Who knows what little ears can hold? Yesterday, Atticus and I bopped around to the Magnetic Fields 69 Love Songs, which all should agree is a mindblowingly good concept album. And if you know that much about the album in question, you also know that a) the bouncy silliness of it lends itself beautifully to Atticus's musical aesthetic (can it be danced to?), and b) a lot of the album's language is not appropriate to plant in the landscape of Atticus's fertile ears. Volume One (the superior of the three volumes), tracks 9 and 14 come to mind. Sure, pretending we're bunny rabbits sounds innocent enough ...
At one point do we need to edit, monitor, babymuff the things we say to ensure that our children do not use language we don't want them to? On the one hand, I don't want him to think language is a bad thing - any language at all. I want him to understand appropriate and inappropriate contexts for all language. But on the other hand, there is nothing even remotely charming about foul language coming out of a small child. I'm not talking about that one time they used a word they didn't know was bad. That can be adorable. I'm talking about bad words coming out of little mouths with intention. Not cool.

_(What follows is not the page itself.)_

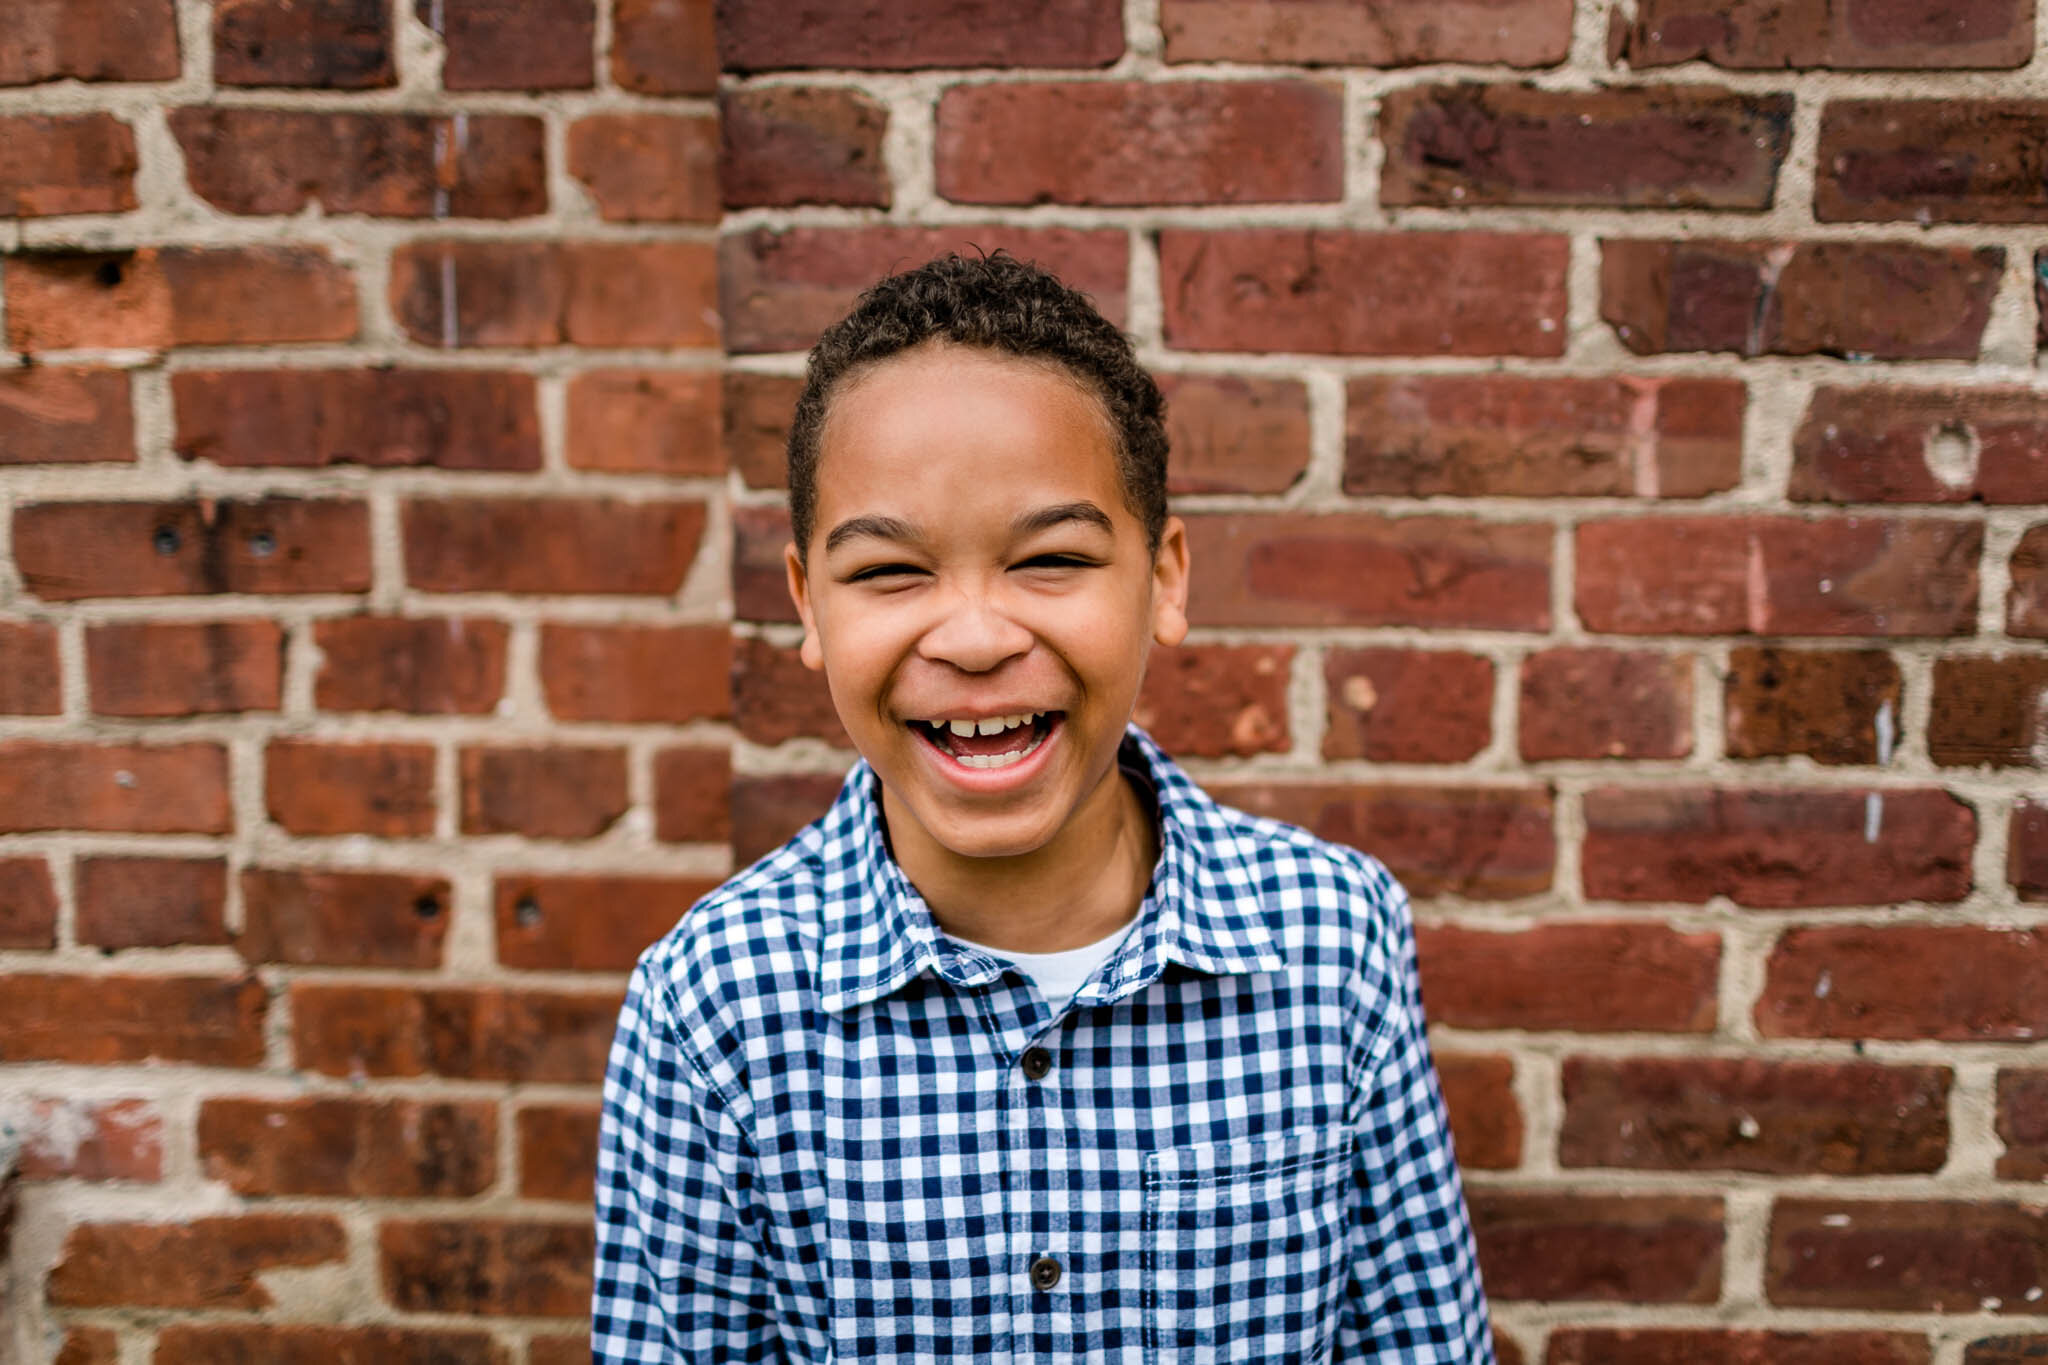 Candid portrait of young boy laughing | Durham Family Photographer | By G. Lin Photography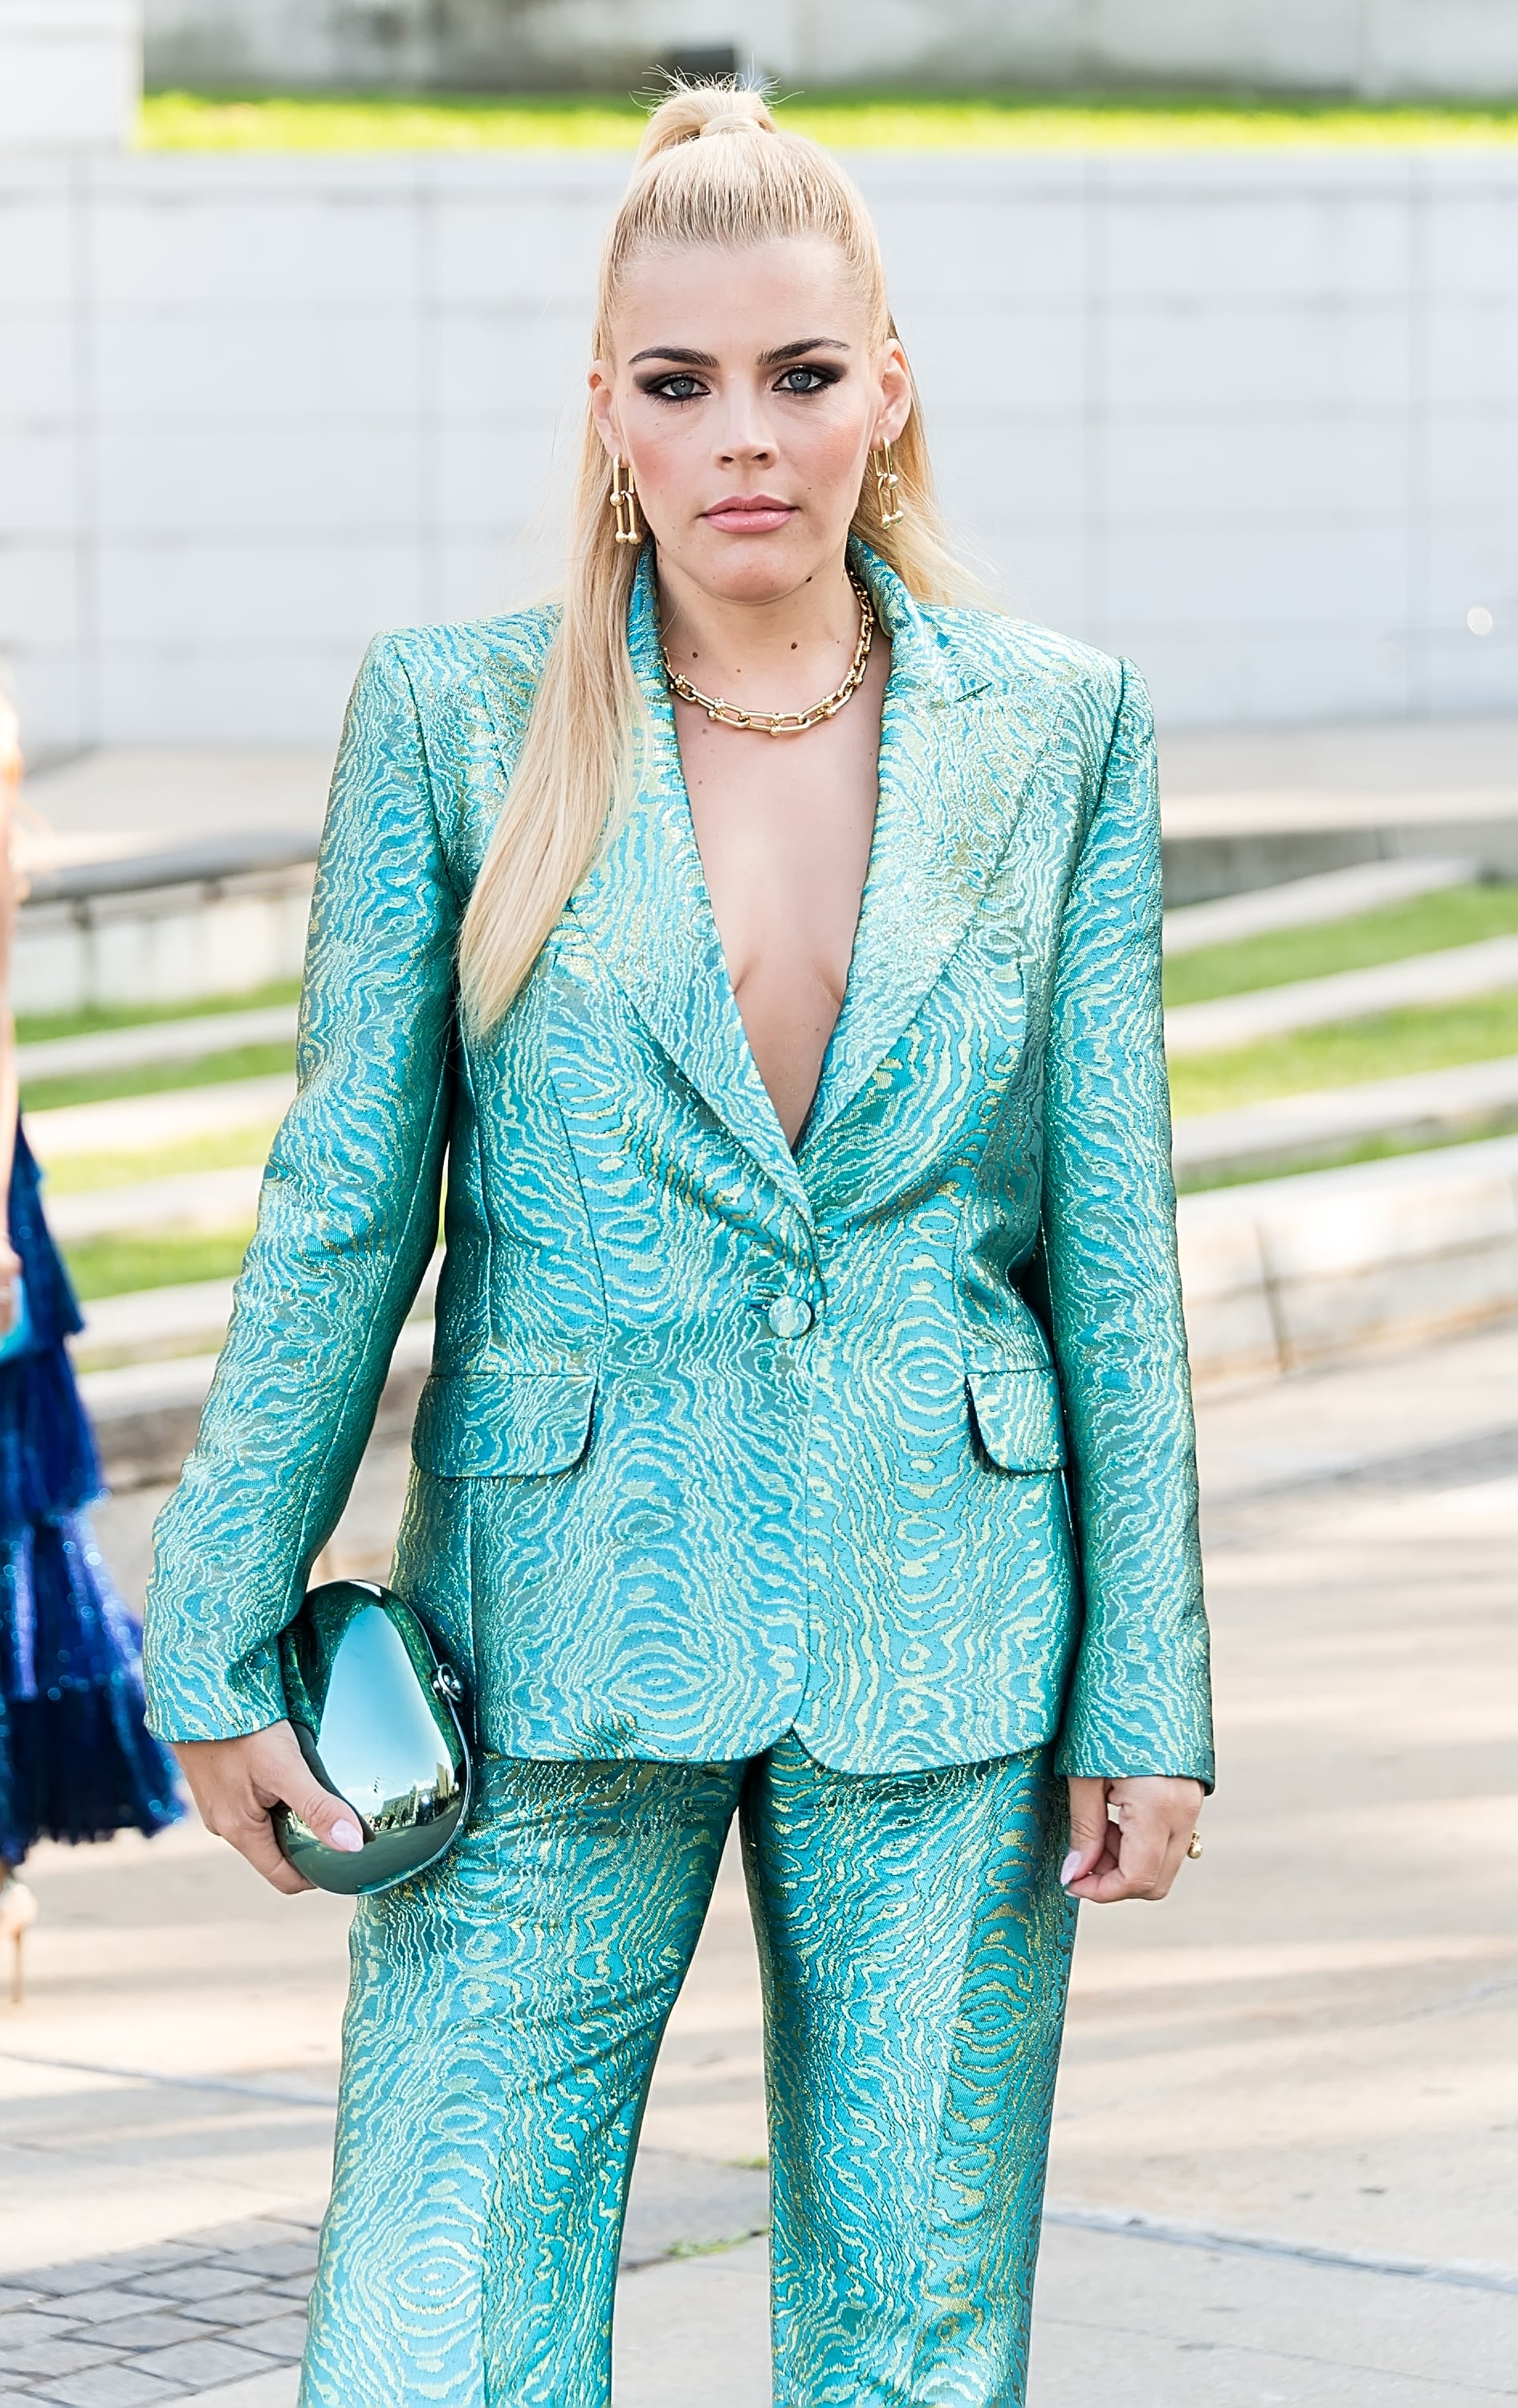 NEW YORK, NY - JUNE 04:  Actress Busy Philipps is seen arriving to the 2018 CFDA Fashion Awards at Brooklyn Museum on June 4, 2018 in New York City.  (Photo by Gilbert Carrasquillo/GC Images)

I don't want Atticus to be that kid. I want him to understand the pointed nature of some words, how they carry more weight, how they can slap someone across the face from across the room. I want him to save those words for when he's all grown up and needs them.
Until then, must I banish the Magnetic Fields and their ilk? Do I make a different version of the cd, of all of our lives, until he's ready for it? Childhood is a cleaned up version of the world. I'm cool with that. I'm cool with wiping down the scene for him. I'm just not sure where to begin.